*** Opening of Data to use ***

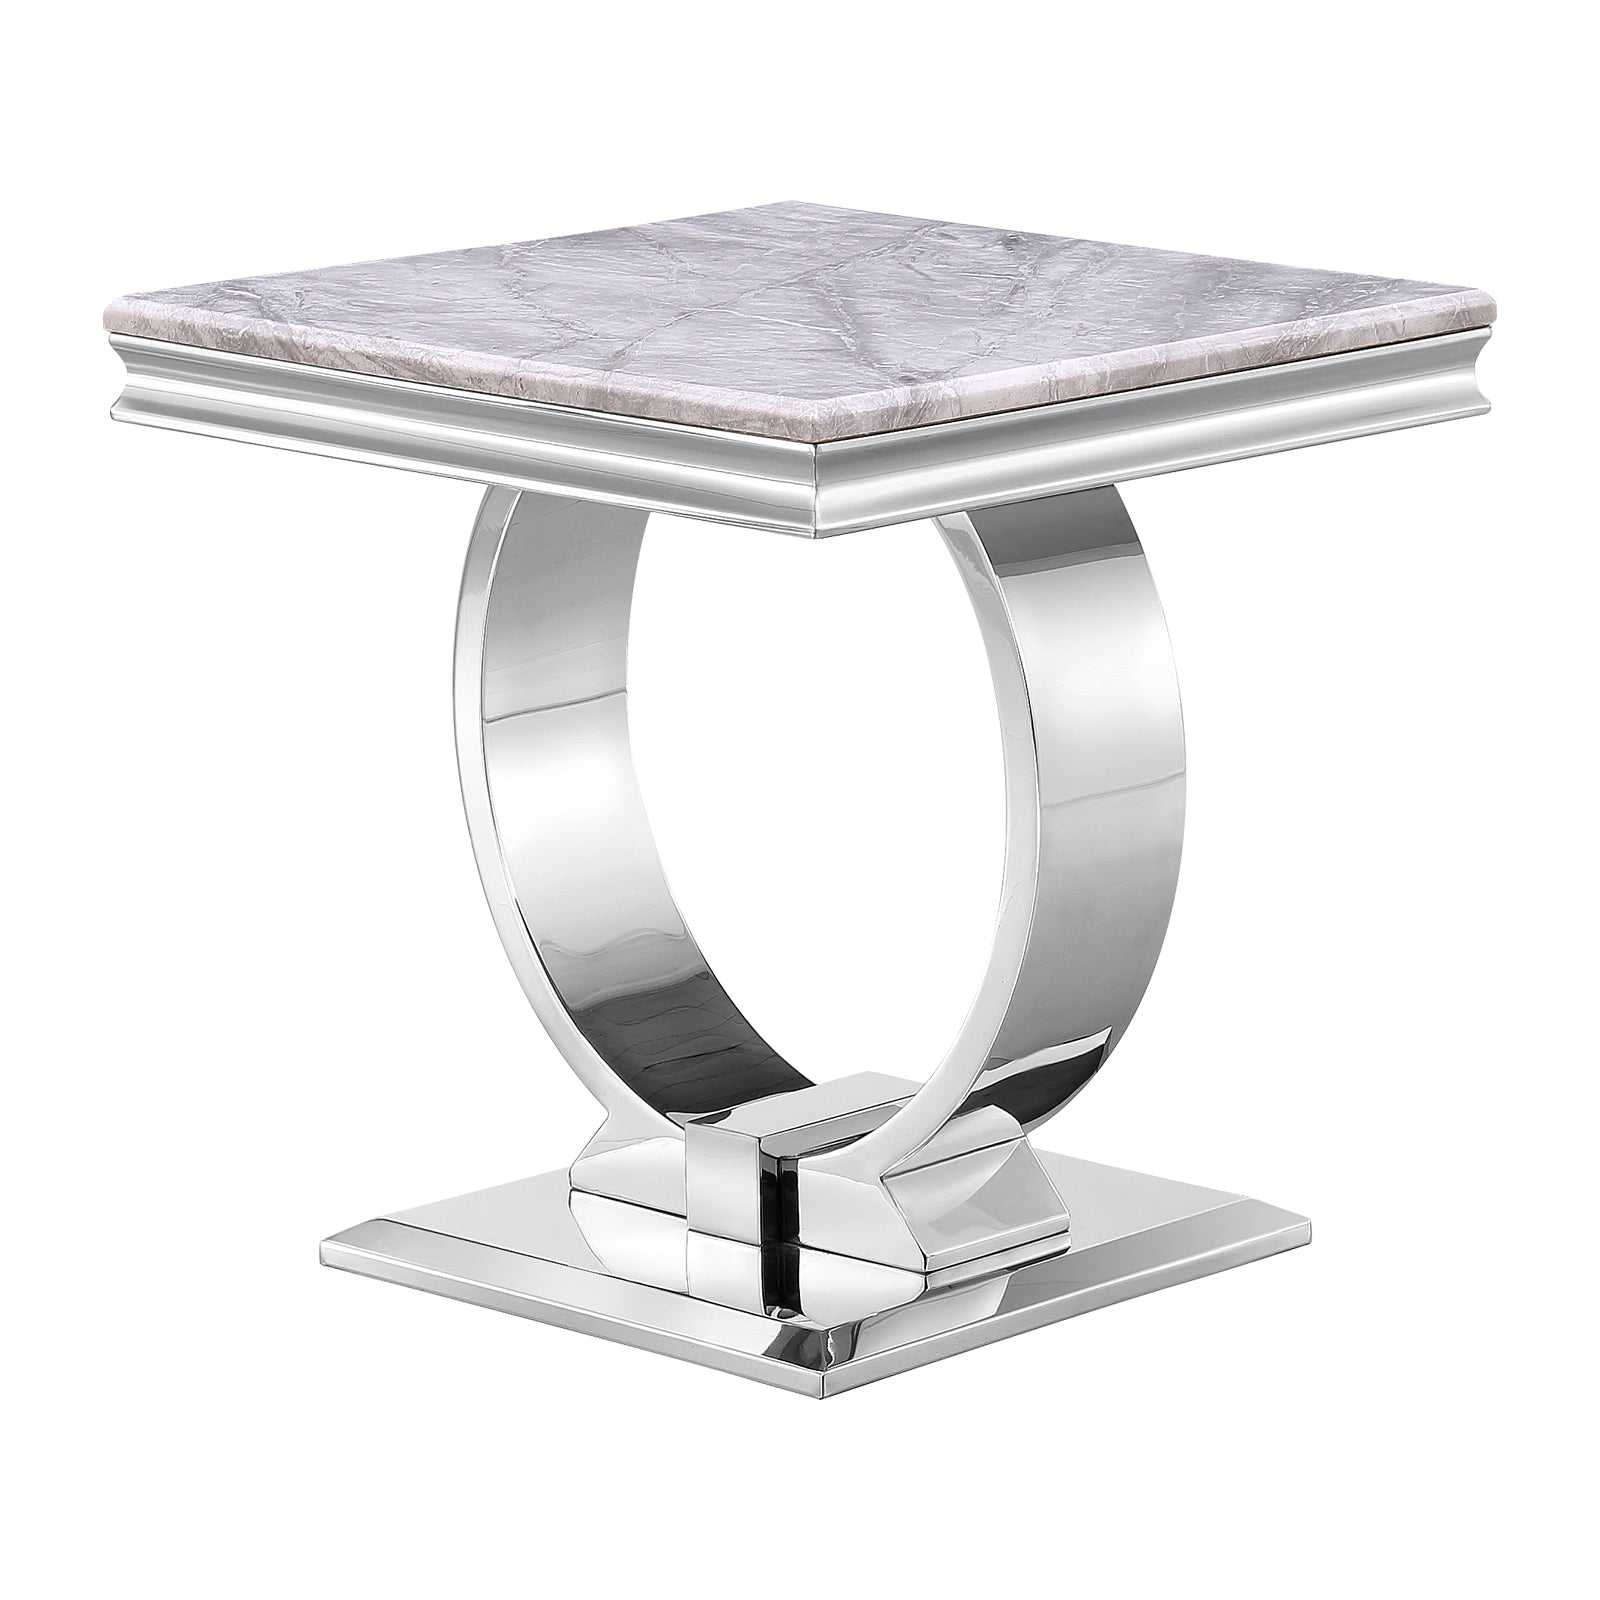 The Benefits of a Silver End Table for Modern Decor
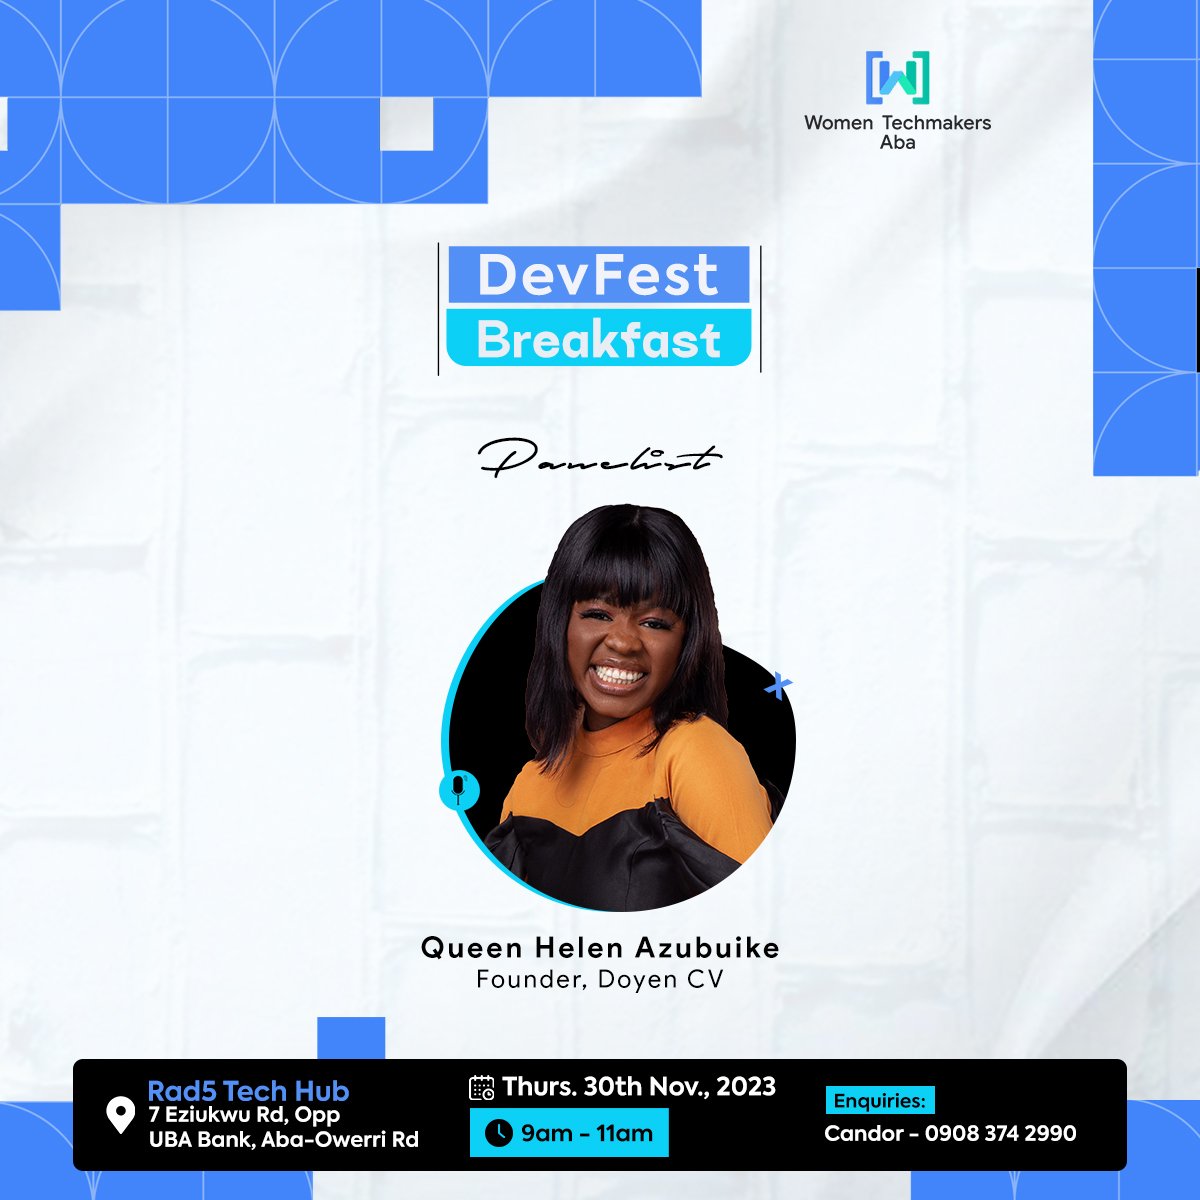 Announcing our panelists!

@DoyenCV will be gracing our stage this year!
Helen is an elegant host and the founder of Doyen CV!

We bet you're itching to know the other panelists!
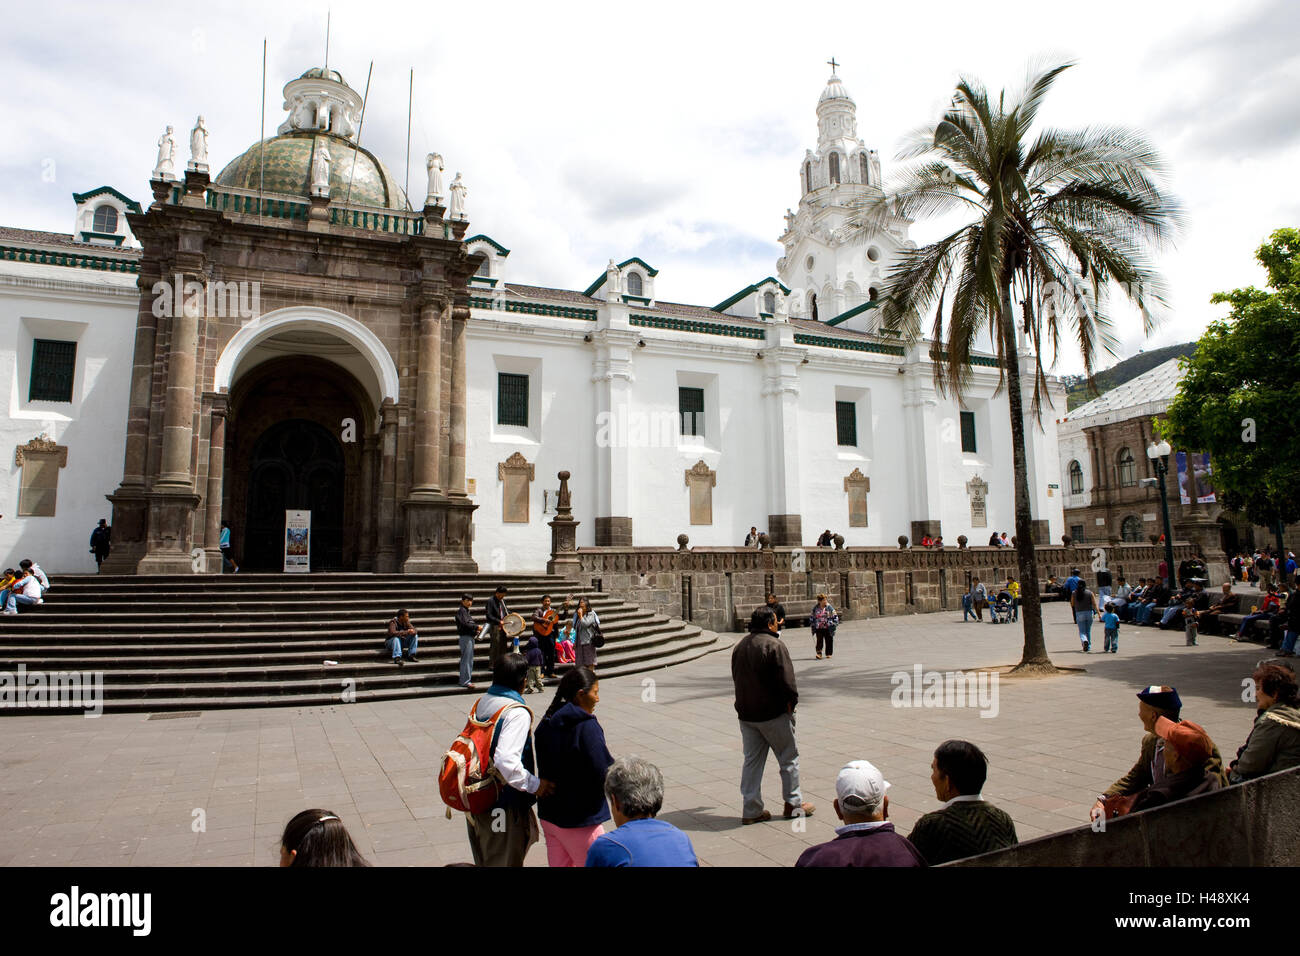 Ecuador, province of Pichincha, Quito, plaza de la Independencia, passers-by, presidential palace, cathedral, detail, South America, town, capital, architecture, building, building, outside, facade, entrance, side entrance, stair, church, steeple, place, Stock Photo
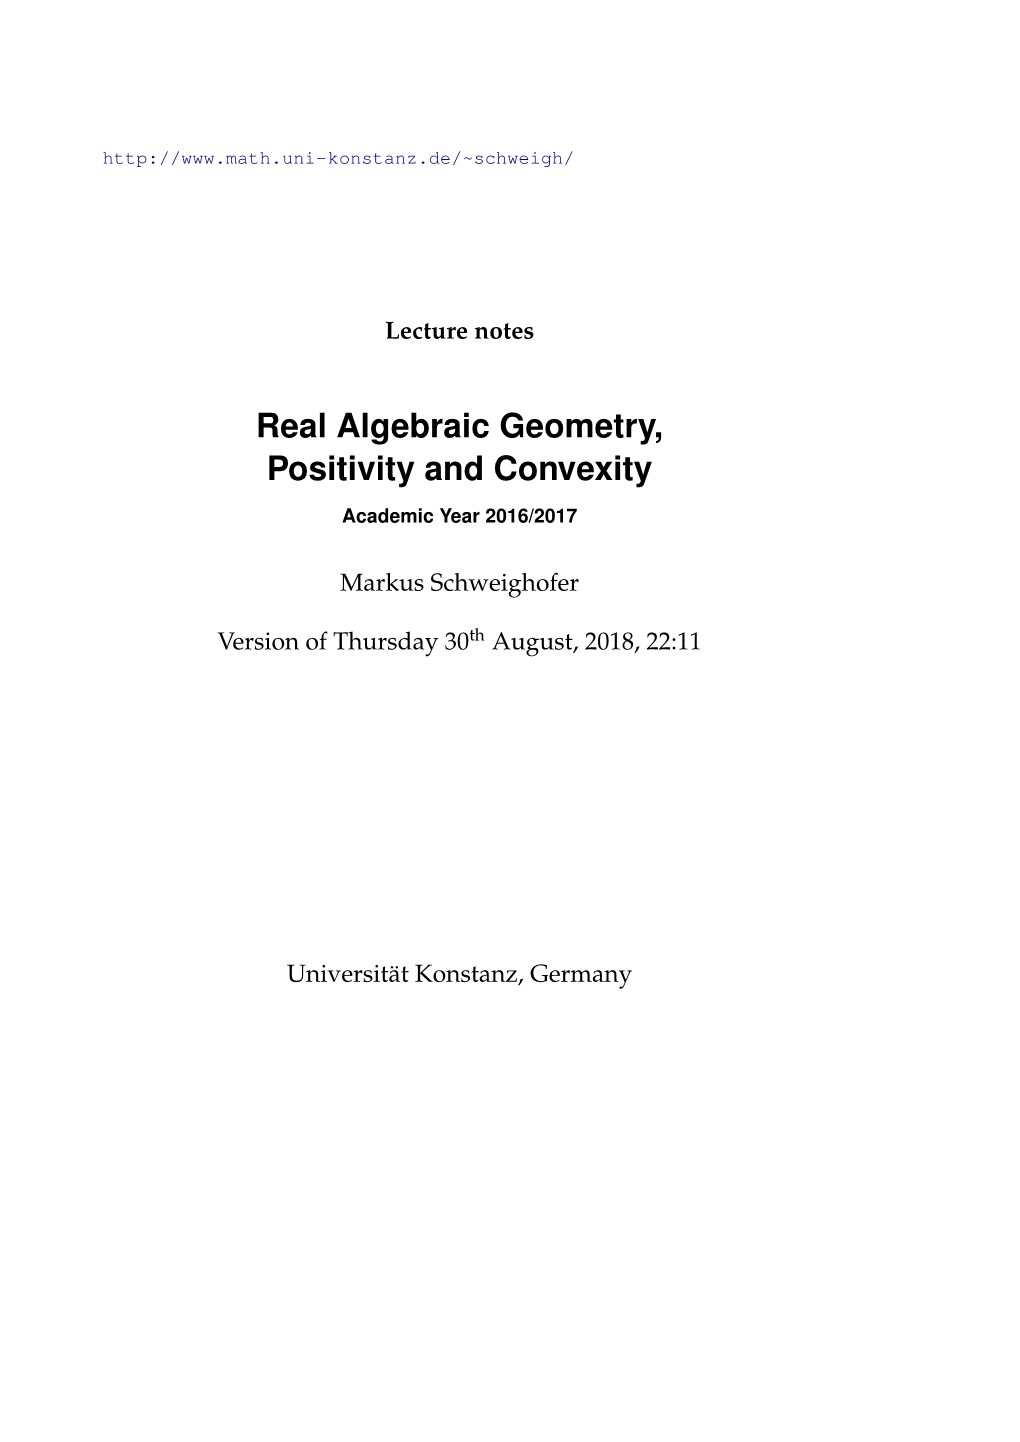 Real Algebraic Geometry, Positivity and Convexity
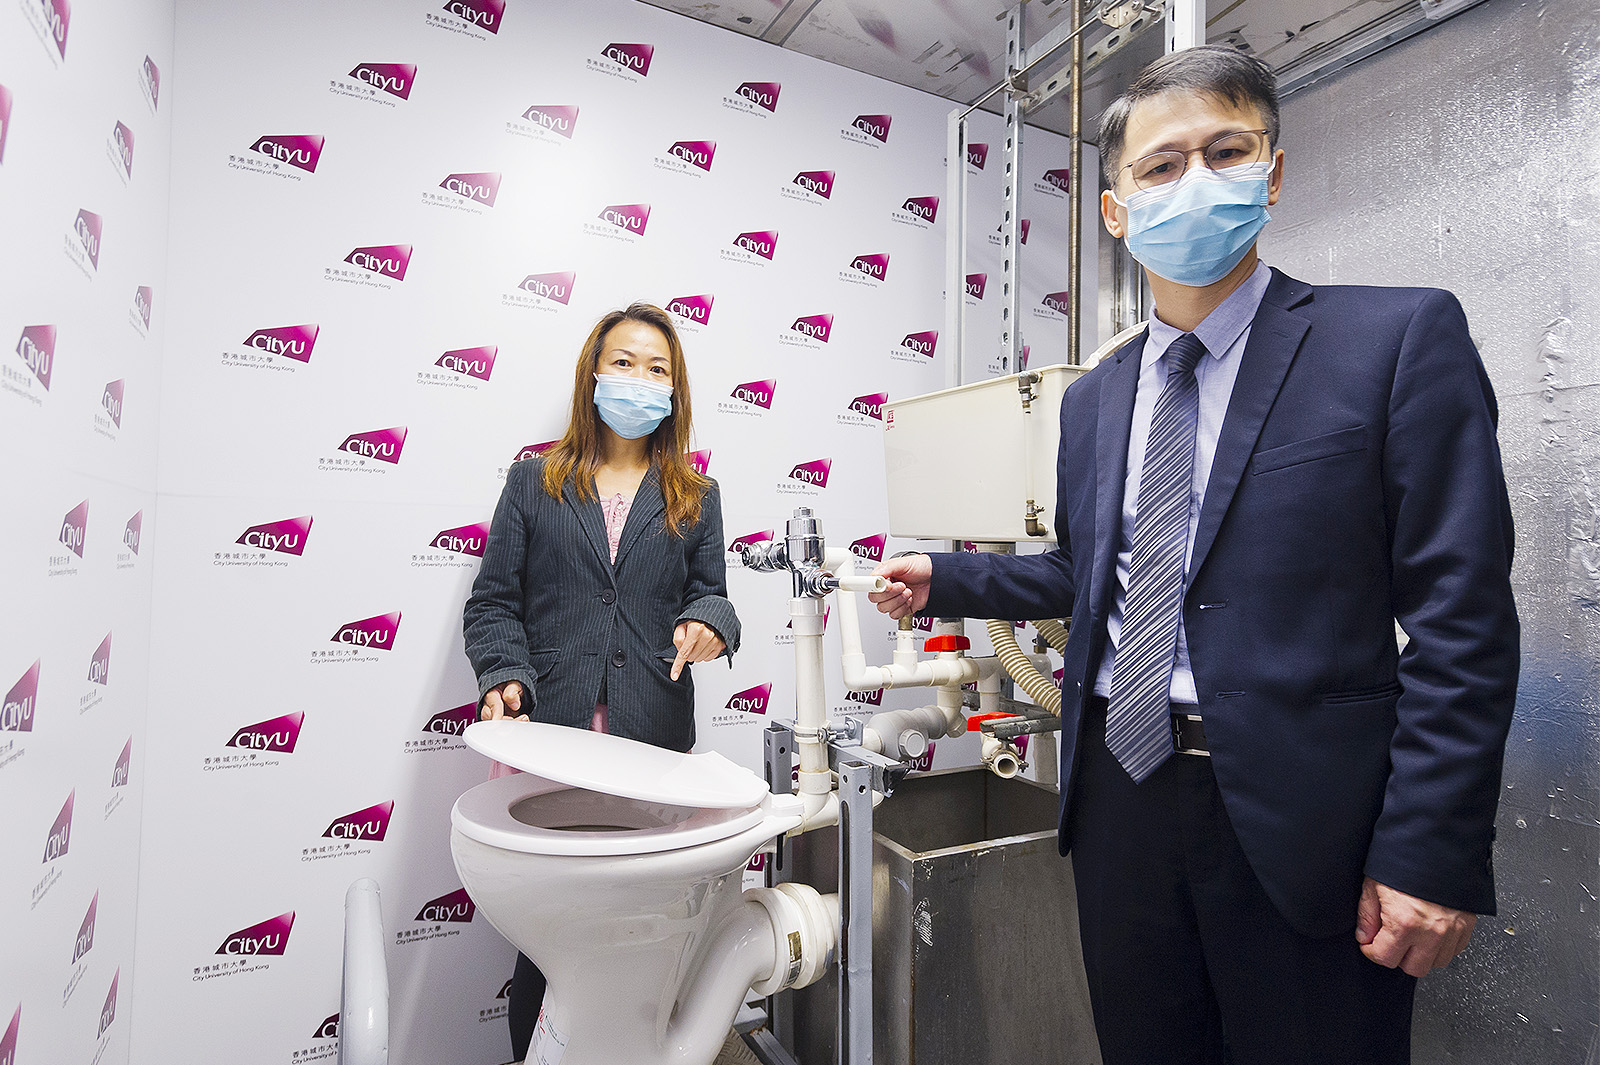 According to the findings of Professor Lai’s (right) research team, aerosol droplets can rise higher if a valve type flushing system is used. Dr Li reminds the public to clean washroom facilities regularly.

*** Close of Data to use ***

• _To do_
Your copy should hold exactly the lines from the one that contains "Real Algebraic Geometry, Positivity" through the final line of the data, both ends included, and no pictures.

• _Task result_
 Real Algebraic Geometry, Positivity and Convexity
 According to the findings of Professor Lai’s (right) research team, aerosol droplets can rise higher if a valve type flushing system is used. Dr Li reminds the public to clean washroom facilities regularly.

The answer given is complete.